Massachusetts Treasurer Deborah Goldberg’s (D) office uses social media to promote unclaimed property, including images for marketing the program. The California legislative analyst’s office in 2015 recommended increased social media usage to promote the state’s unclaimed property program.
The Ohio Department of Commerce, which runs that state’s unclaimed property program, uses their Twitter account to promote a location of unclaimed property staffers around the state. The statewide tours for unclaimed property are not uncommon nationwide with former Wisconsin Treasurer Dawn Marie Sass (D) manning booths in shopping malls statewide during her tenure, while New York State Comptroller Tom DiNapoli (D) and his predecessors have set up a popular booth at the state fair in Syracuse annually. LaTurner’s office historically has a booth at the Kansas state fair in Hutchinson.

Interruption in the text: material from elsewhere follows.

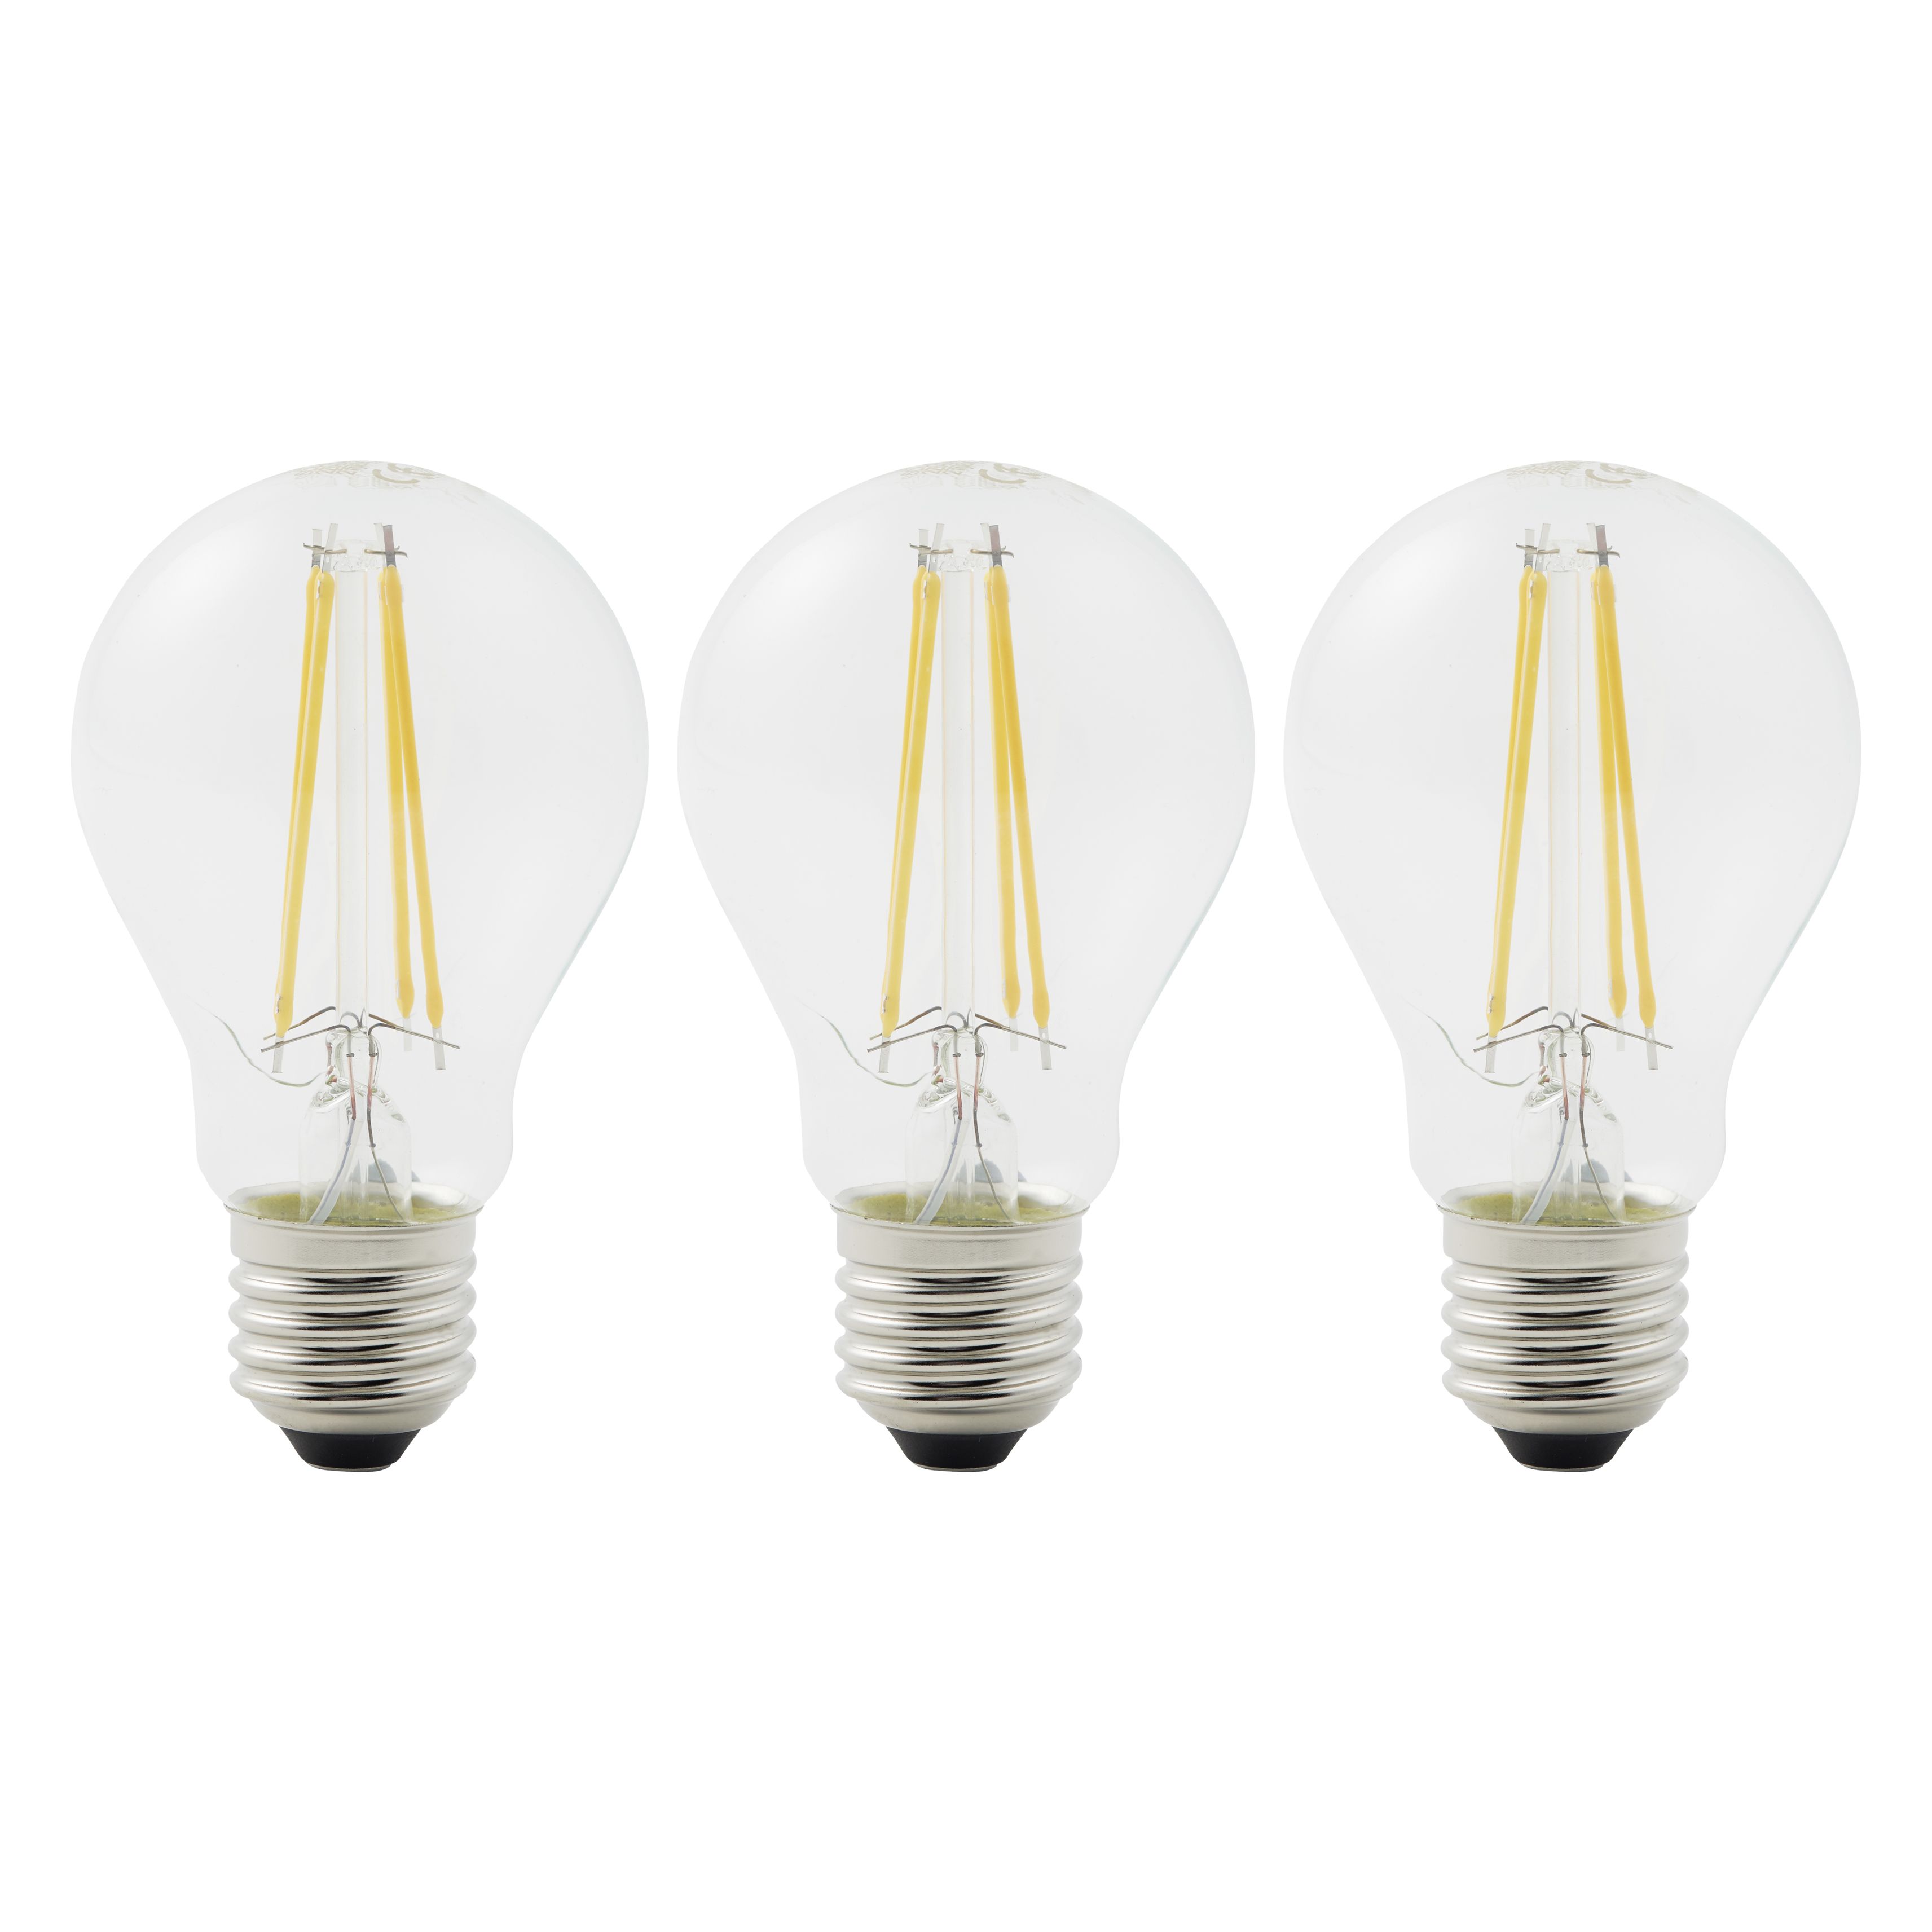 Diall E27 5.9W 806lm Clear GLS Warm white LED filament Dimmable Filament Light bulb, Pack of 3

Social media use has also been a popular way for down ballot statewide elective officials to promote their office’s work. Kentucky Agriculture Commissioner Ryan Quarles (R), the nation’s youngest statewide elected official, has active personal and official accounts promoting rural Kentucky and the state’s agriculture industry. Ohio Treasurer Josh Mandel (R), a U.S. Senate hopeful, has been active on his personal Twitter account to promote his state’s ABLE program, called STABLE, and a local government finance transparency initiative he launched. New Jersey Lt. Gov. Kim Guadagno (R), a gubernatorial candidate, has long used her personal Twitter account to promote the state’s tourism industry, which she oversees in her role as New Jersey’s secretary of state.
LaTurner said that he has heard good feedback from state residents during his travel and that people have said they have come to his unclaimed property events after hearing about it on social media. He said that he believes increased social media outreach can grow the programs, including the ABLE.
“It has been a real positive reaction that we’re seeing. People are saying that they had no idea they had unclaimed property, they had no idea that the ABLE Act existed or Learning Quest,” LaTurner said. “The Legislature has tasked this office with administering these three initiatives. Over time I think we’ll see more growth out of these programs.”